Top of COLLECTED MATERIAL
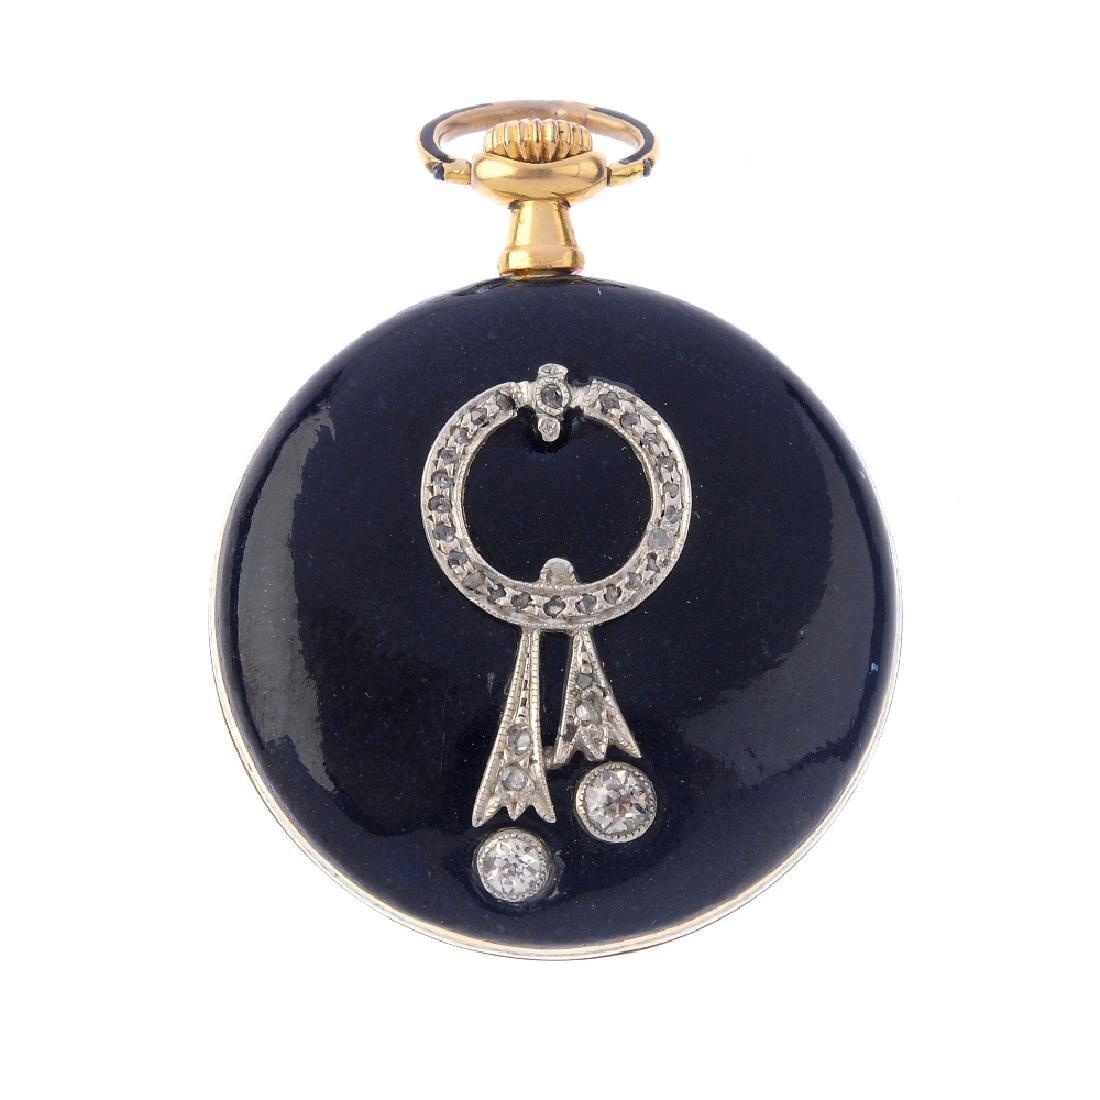 A diamond and black enamel fob watch. The circular dial
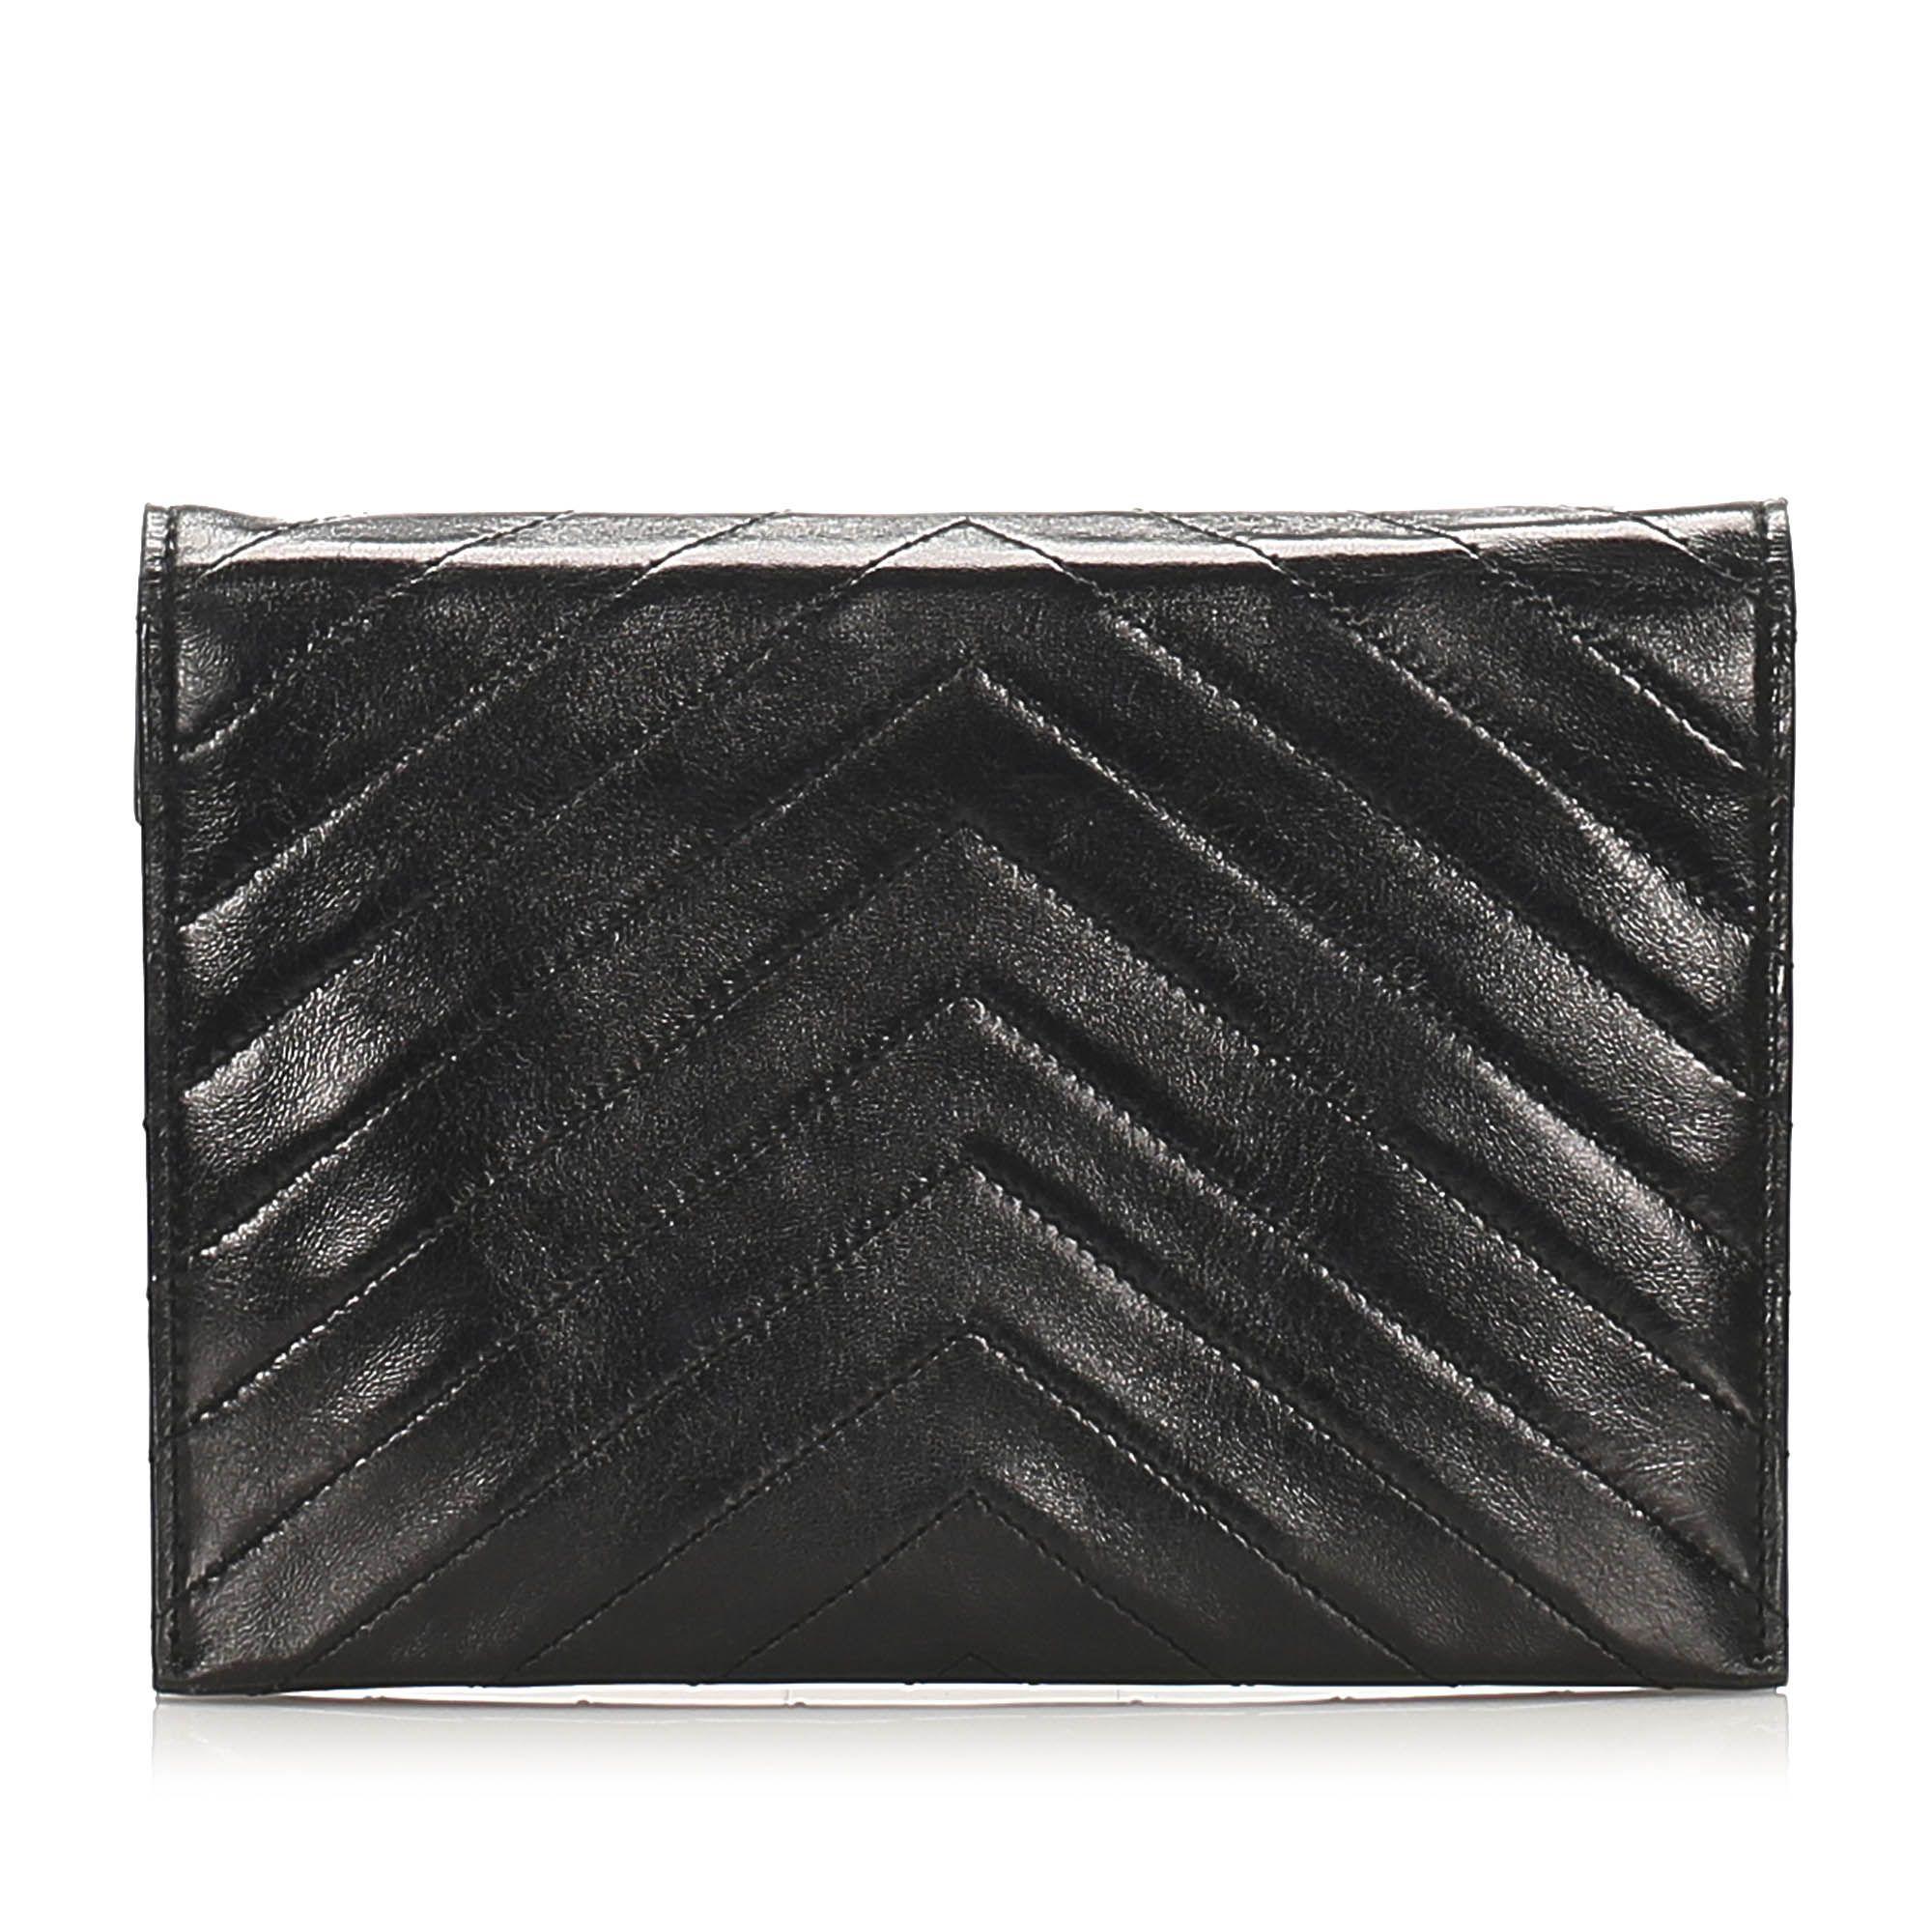 Vintage YSL Chevron Leather Clutch Bag Black
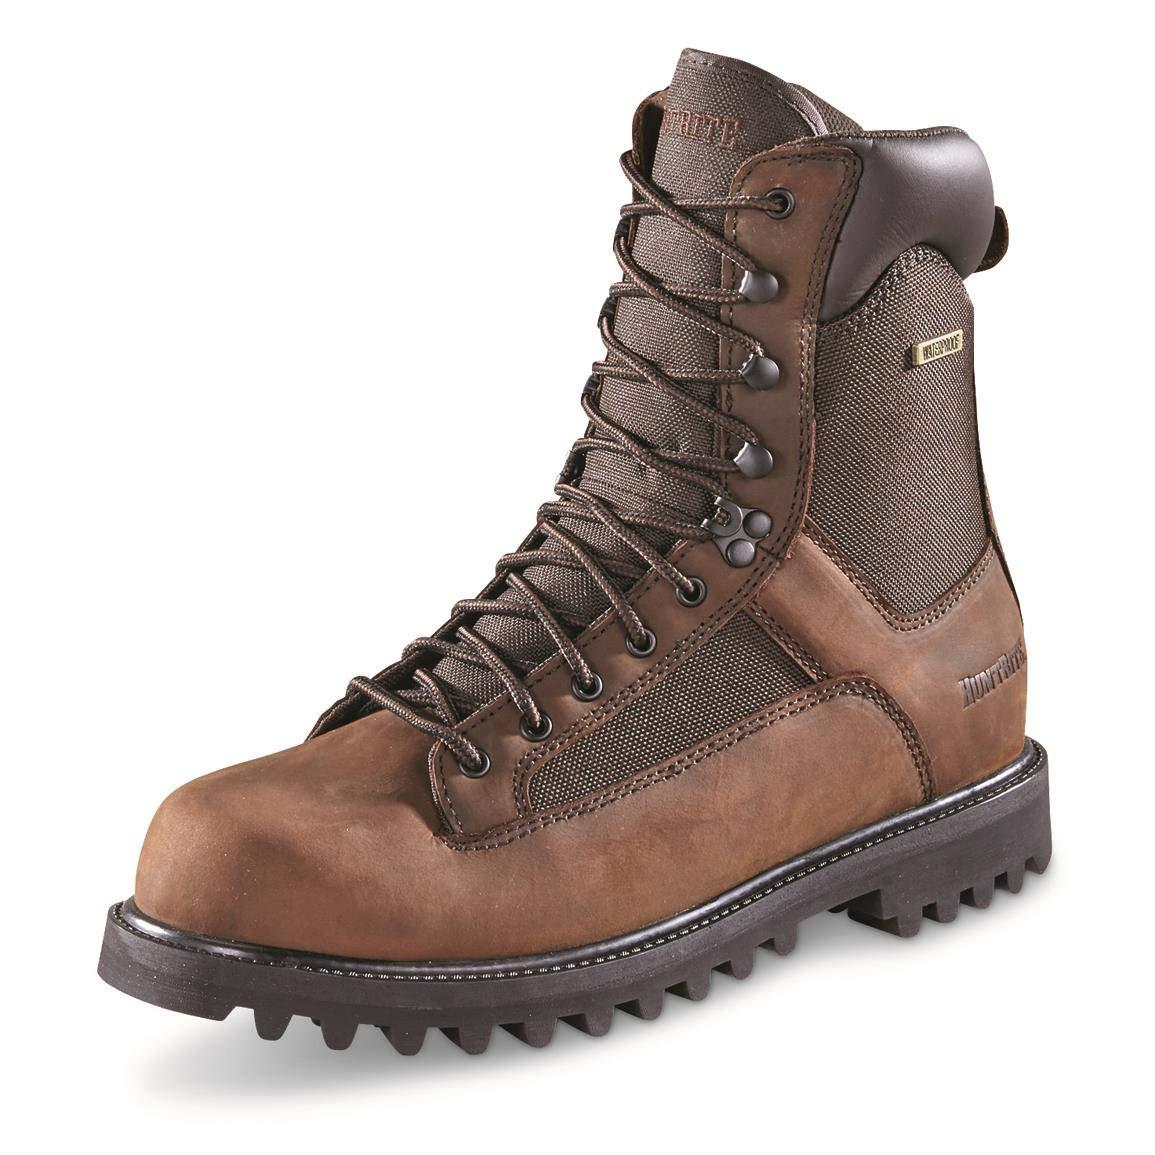 Huntrite Men's Insulated Waterproof Sport Boots, 1,200 Gram
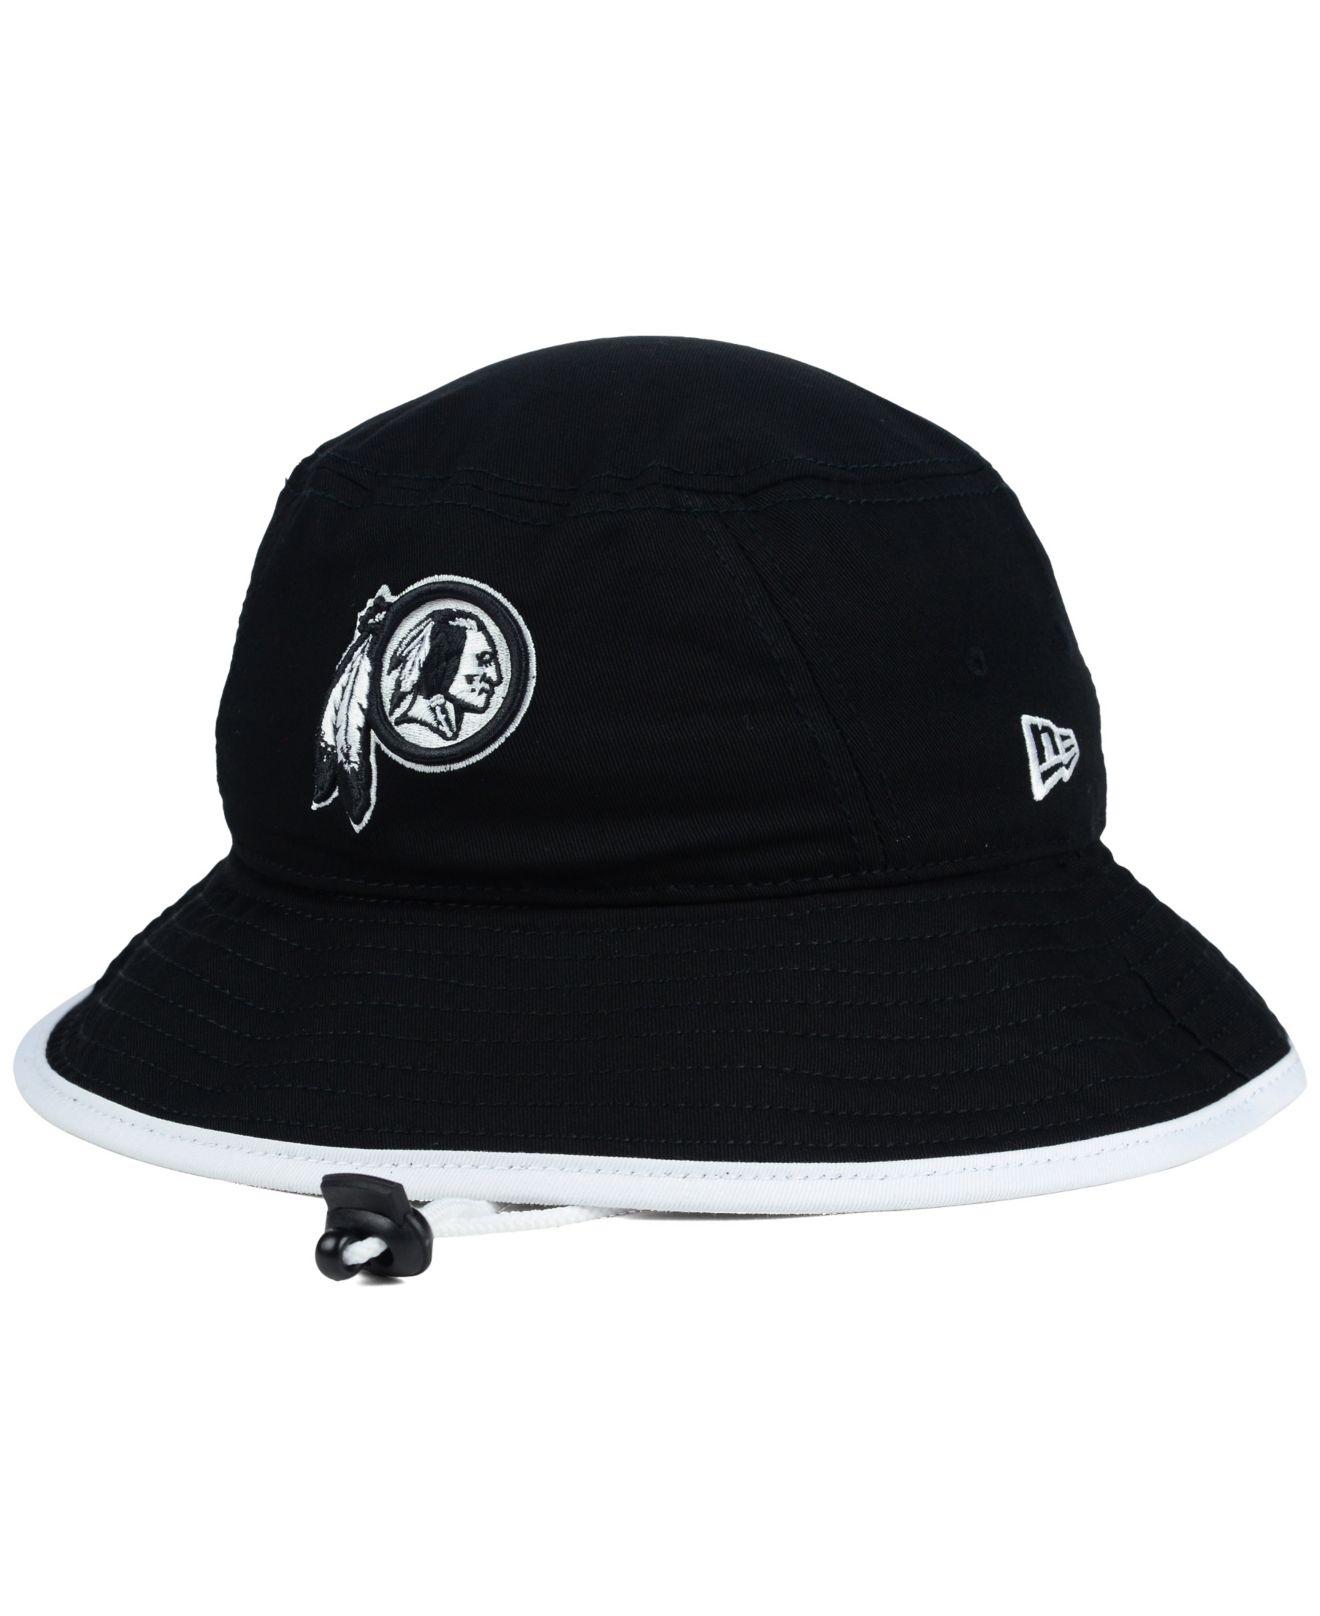 Lyst - KTZ Washington Redskins Nfl Black White Bucket Hat in Black ... a303333fa96
Bottom of COLLECTED MATERIAL
> _WHAT THE TASK REQUIRES_
From the line that holds "Huntrite Men's Insulated" to the last line of the data, return those lines exactly and nothing else; both ends count, and pictures stay out.

> _WORKED SOLUTION_
 Huntrite Men's Insulated Waterproof Sport Boots, 1,200 Gram
 Lyst - KTZ Washington Redskins Nfl Black White Bucket Hat in Black ... a303333fa96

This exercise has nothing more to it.